Remember that holding down Shift while you do something, generally constrains it. For example, dragging one end of a line with Shift down keeps it vertical or horizontal (or perhaps 45 degrees is allowed too...).
If you don't like the available line-widths, select the relevant objects, pick Figure/Show Table..., and set any value you like there by typing it in. Unfortunately you can't do the same with line styles (say, by giving a list of lengths for segments of a dashed line). By the way, a thick border line has its thickness centered on the nominal boundary location of the figure. So if you're using snap and glue, the center of the line will be snapped to its location, not either edge.
Set these preferences:
Go to ConceptDraw/Preferences/Default (or Edit/Preferences..., which is exactly the same thing), and choose your default units of measure (imperial or metric), and default page size (you can set any page size you want for particular documents -- if your printer isn't big enough, ConceptDraw will neatly separate the drawing and print the pieces).
Go to View and turn on the options you like. I prefer having Rulers, Grid, Guides, Connection Points, and Connection Points in Groups.

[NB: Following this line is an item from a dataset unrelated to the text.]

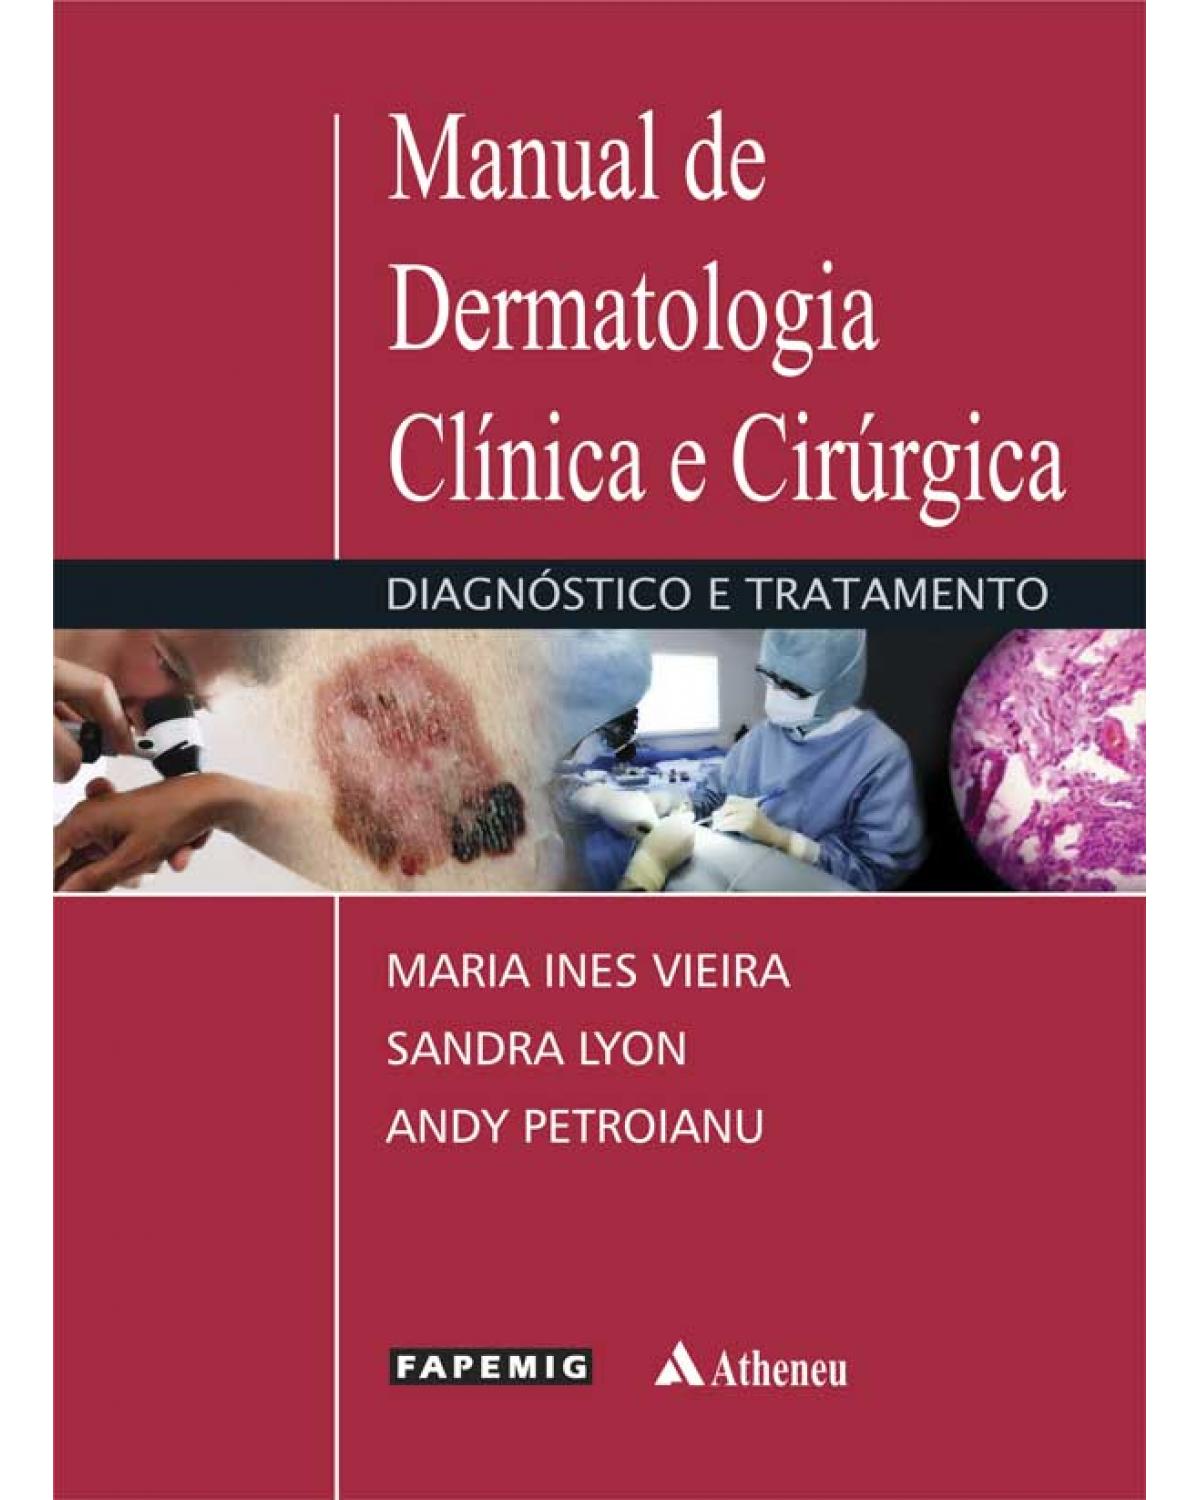 Manual de dermatologia clínica e cirúrgica - diagnóstico e tratamento - 1ª Edição | 2013

Go to View / Toolbars / Customize to make the ones you want visible (you can also set them individually from View/Toolbars itself). I prefer these settings:
Main toolbar off
This has the usual File menu items. I find Cut/Copy/Paste much easier using the standard Command-keys; and the other tings are not things you do all the time, so save the screen space.
Drawing tools off
This provides the selection arrow (what you mostly want). All the same stuff is available in the Tools menu. Other than the selection arrow, you probably won't use these items much, so I wouldn't keep it visible.
The File/Document Properties... dialog also provides many useful settings, mostly involving how large drawings are printed. However, to set the page size for a large drawing, you need to go to
Later you'll want to go back to the Preference/Default dialog, and specify a file to use as a template -- then when you create a new file, it will start out with all its settings the way they are in that template file.
Find the "Smart Connector" and "Direct Connector" buttons. They're at the beginning of the "Additional Tools" toolbar, which you can switch on fromthe View/Toolbars... menu. These two connnectors will do most of what you need, pretty much automatically. By using them, you can skip even learning about most of the other connector types in the libraries.
A smart connectorThe "Additional Tools" toolbar is also important because it gives you buttons to turn on snap (moved objects snap to reasonable places like connection points, gridlines, etc (you can control many parameters of snapping, but the defaults are usually just fine), and glue (fixed attachment to attachment points on figures, so that when you move the figure the connector stays connected. To me this is the single most important feature in a drawing program.
You can add more attachpoint points (for gluing connectors to), by using the "Connection Point" tool in the "Drawing" toolbar.
When you open libraries, you don't get a preview of what's in them. But there's a PDF file that shows them all -- print this out and keep it as a handy reference, even though you'll get to know the libraries you commonly use quickly enough.
First thing on creating a new document, set the font size larger (it defaults to 8 pt), pick your preferred font, and set the grid to Fixed instead of Non-fixed (Under Tools/Grid...).